Two priests with HIV contacted me. Another priest I'd known for many years confided to me that he had gender dysphoria.
He was born with ambiguous genitalia and was still unsure whether he was male or female. So I look upon my HIV diagnosis being made public as positive now. I always try to see the silver lining in the clouds.
Q. The man who infected you with HIV knew he had the virus, but never told you. Do you hate him?
A. Absolutely not. I was in love with him at the time and I believe that real love never dies. I still love him, although I haven't seen him for many years and I wouldn't want to.
Q. A fortnight ago, 86-year-old Father Jacques Hamel was beheaded while saying Mass in Normandy. What is your response to the attack?

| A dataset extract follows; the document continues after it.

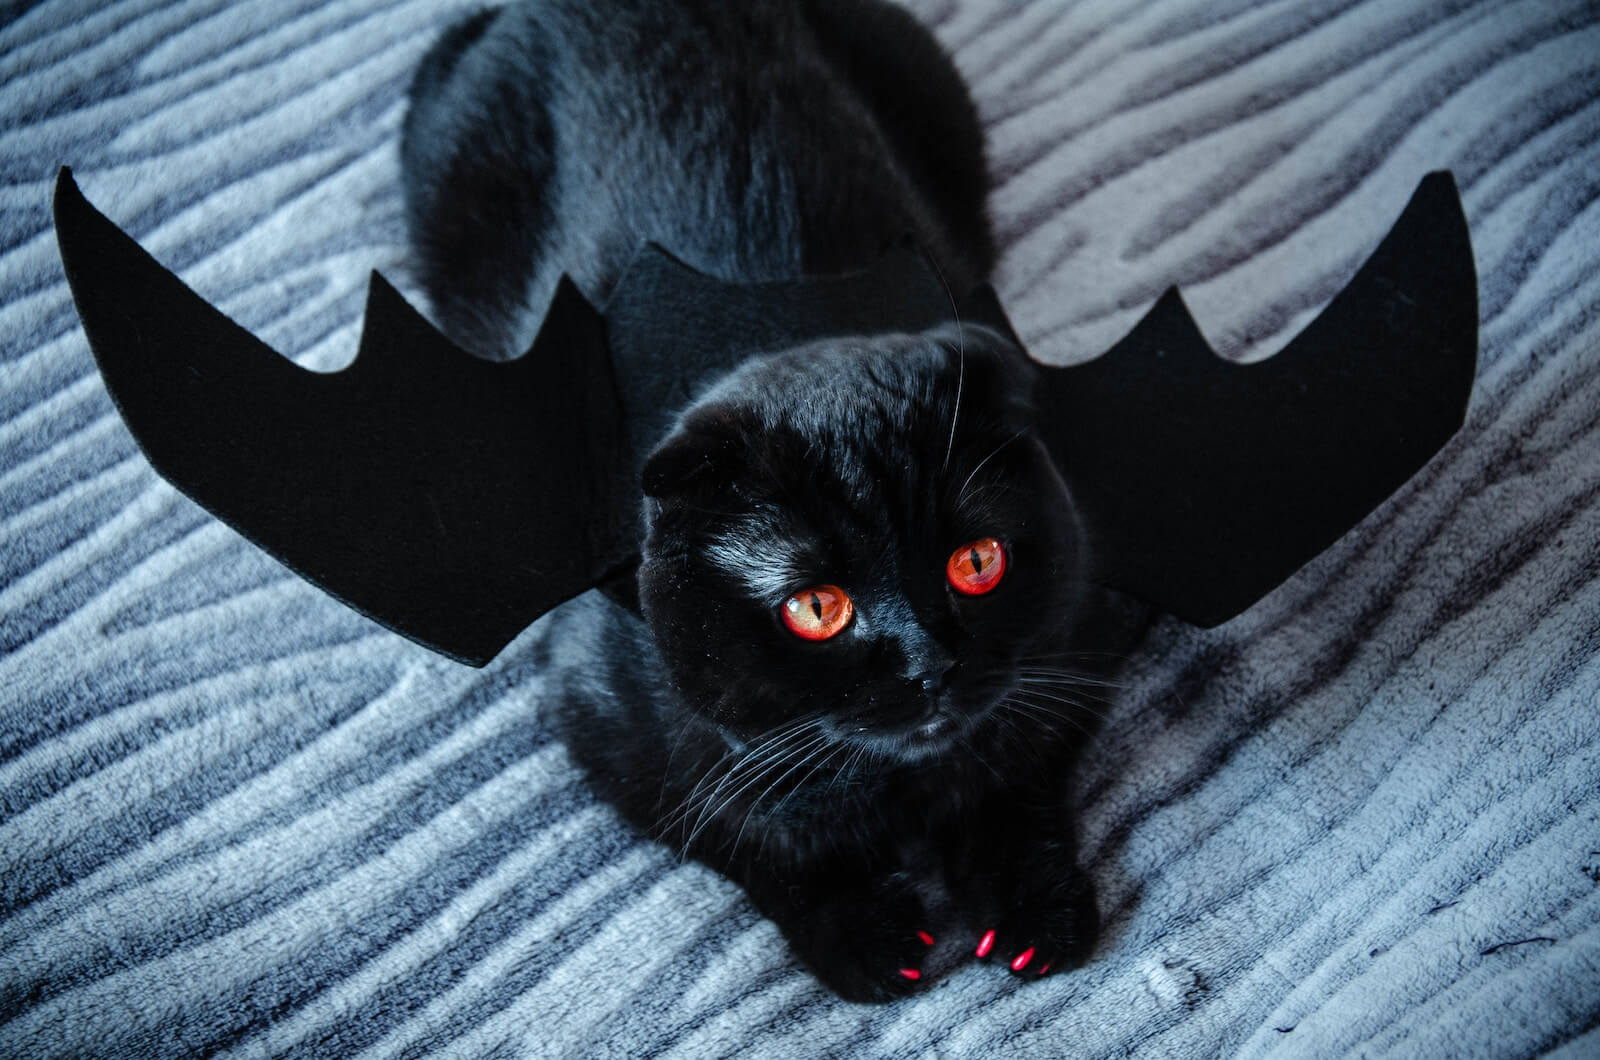 Black cat in bat costume on gray textile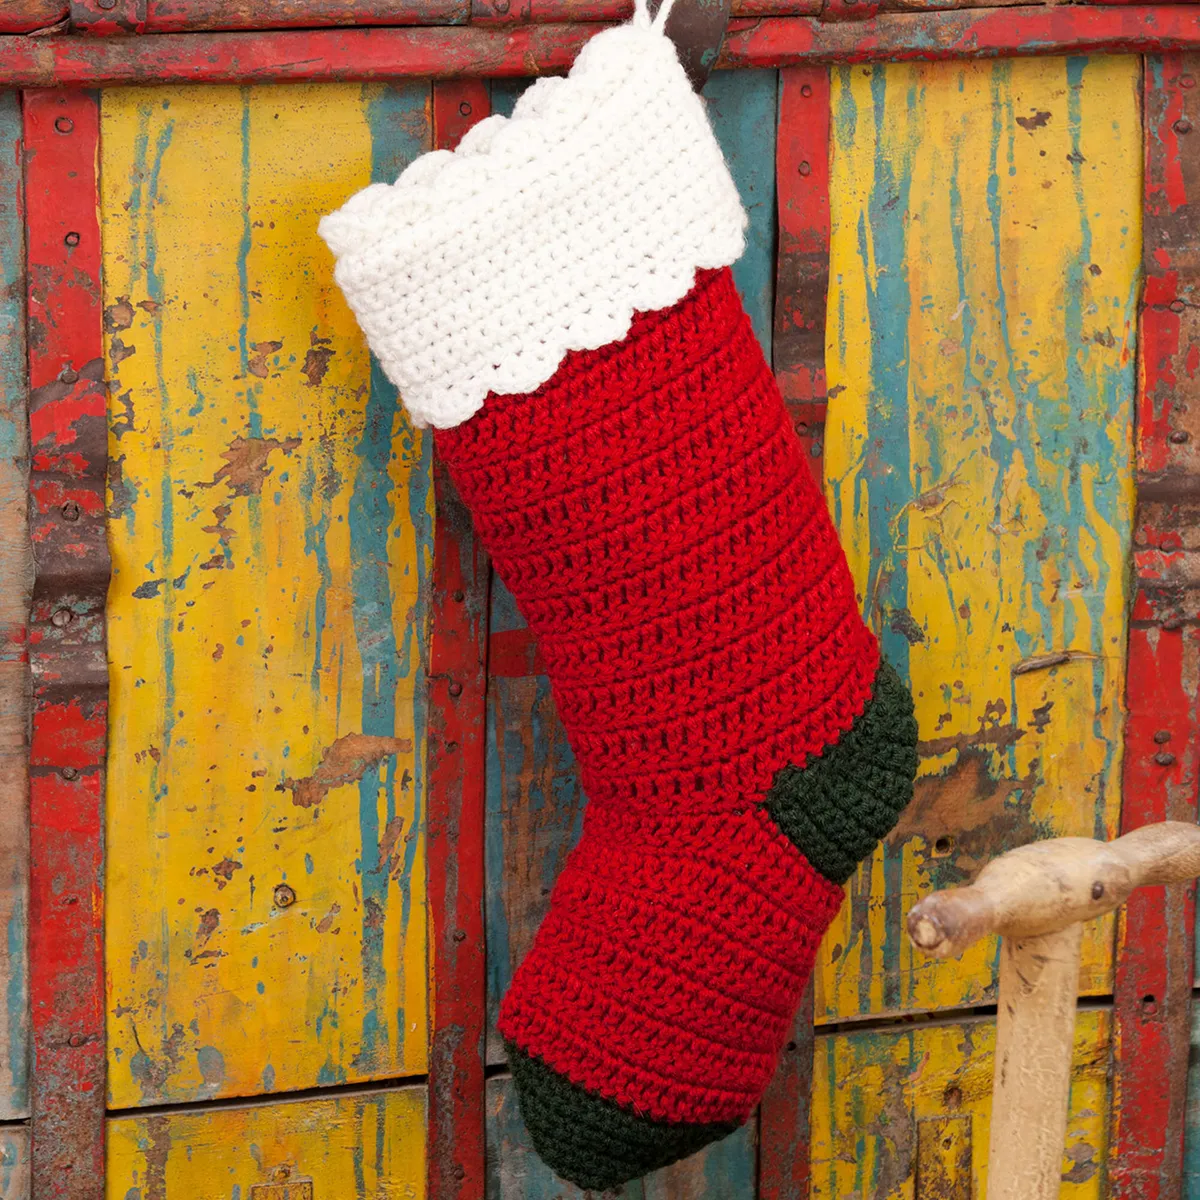 Red heart free crochet Christmas stocking pattern

A. I've been in those little picturesque churches dotted across the French countryside and I can just see the old priest celebrating Mass with his congregation of elderly women. It was a hideous act by fundamentalists of the Islamic variety.
All it takes is for one person in Northern Ireland watching that, aligned to Isis, to go out and do the same here. It's impossible to prevent, as you just can't put armed guards on every church.
But while we mourn the dead in France and Germany, we shouldn't forget that hundreds of thousands of people have been killed in the Middle East since George Bush and Tony Blair invaded Iraq.
They have brought a lot of this upon us and I hope Parliament impeaches Blair.
Q. Pope Francis has been hailed as the great reformer. Do you think he can save the Catholic Church?
A. I doubt it. The Church is in meltdown. The damage from child abuse scandals has been colossal. Forty years ago there were 700 trainee priests in Ireland, now there are 60. The Church needs to change, but that's very hard for a massive 2,000-year-old organisation. It's like trying to turn an oil tanker in a small harbour.
I like Pope Francis. He's not judgmental, he's friendly, and he has the common touch. He tells mother-in-law jokes. You couldn't imagine any of his predecessors doing that. I hope he's genuine, but I fear it's just a PR trick. And, even if he is sincere, the Vatican mafia are all around him like sharks.
Q. Can you ever imagine yourself back in the Catholic Church?
A. I occasionally have that nightmare! It would be very hard to see, though. I regard myself now as a Free Catholic rather than a Roman Catholic. But, as a Christian, I am of course open to reconciliation with those from whom I am estranged.